4.1. Other MDCM Techniques Used in Our Evaluations

This section explains the details of VIKOR, SAW and COPRAS methods used for comparison. These algorithms are among the most well-known/widely used methods applied in different fields in the literature.

4.1.1. SAW Method

Simple Additive Weighting (SAW) [35] is one of the most widely used methods to solve multi-attribute decision problems. The usefulness of the SAW method’s basic concept is finding the number of weighted performance ratings for each alternative on all attributes [36]. The highest score will be the best alternative. SAW requires a process of normalizing the decision matrix ($D_{m\times 7}$) according to the following formula. Equation (14) is used if j is an attribute of benefit, and Equation (15) is used if attribute j is cost.

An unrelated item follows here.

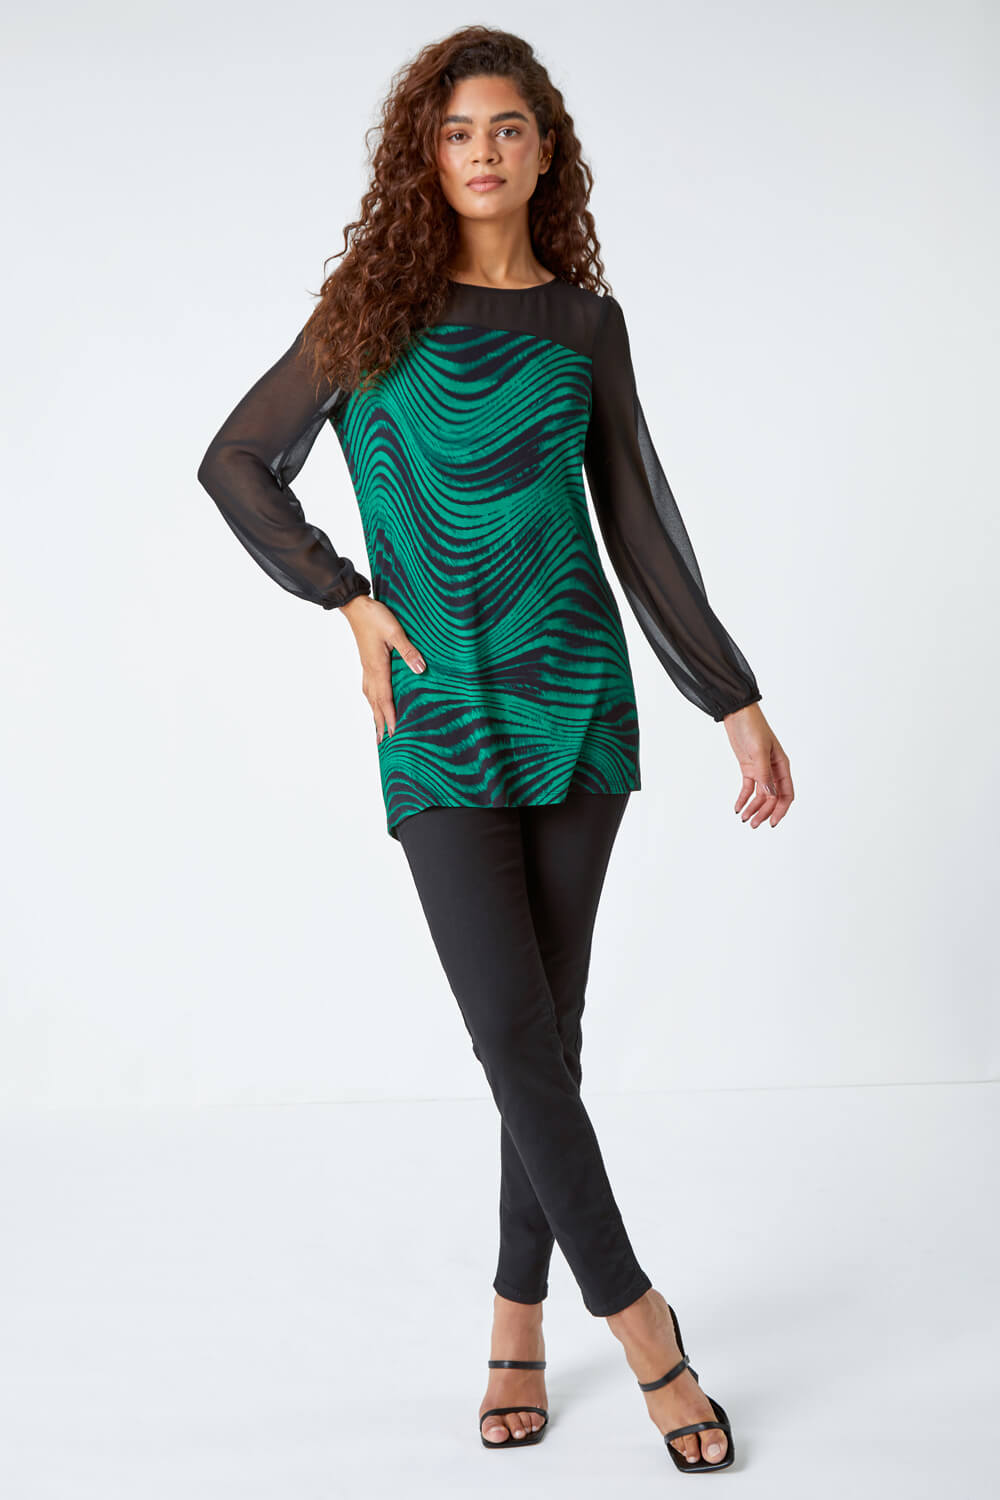 Green Abstract Print Chiffon Sleeve Stretch Top, Image 2 of 5

$$r_{ij}=\frac{x_{ij}}{max{x}_{ij}} i=1,2,3,\dots ,m j=1,2,\dots ,7$$

(14)

$$r_{ij}=\frac{min{x}_{ij}}{x_{ij}} i=1,2,3,\dots ,m j=1,2,\dots ,7$$

(15)

The preference value for each alternative ($V_i$) is given as:

$$V_i={\displaystyle \sum }_{j=1}^7{w}_j{r}_{ij} i=1,2,3,\dots ,m$$

(16)

4.1.2. VIKOR Method

The VIKOR (VlseKriterijumska Optimizacija I Kompromisno Resenje) method [37], similar to the TOPSIS, is based on distance measurements. In this approach, each alternative is evaluated according to all considered criteria and the compromise ranking is performed by comparing the measure of closeness to the ideal alternative. However, VIKOR differs in operational approach and the considered method for the concept of proximity to the ideal solutions. The steps of VIKOR algorithm are as follows:

A.

The normalized decision-making matrix ($D_{m\times 7}$) is calculated similarly to the TOPSIS method.

B.

The best $f_j^{*}$ and the worth $f_j^{-}$ values for all criteria functions $j=1,2,\dots ,7$ are determined. Equation (17) is used for benefit criteria, and Equation (18) is used for cost ones as follows:

$$f_j^{*}=max{x}_{ij} . f_j^{-}=min{x}_{ij} j=1,2,\dots ,7$$

(17)

$$f_j^{*}=min{x}_{ij} . f_j^{-}=max{x}_{ij} j=1,2,\dots ,7$$

(18)

C.

The $S_i$ and $R_i$values are calculated by following Equations.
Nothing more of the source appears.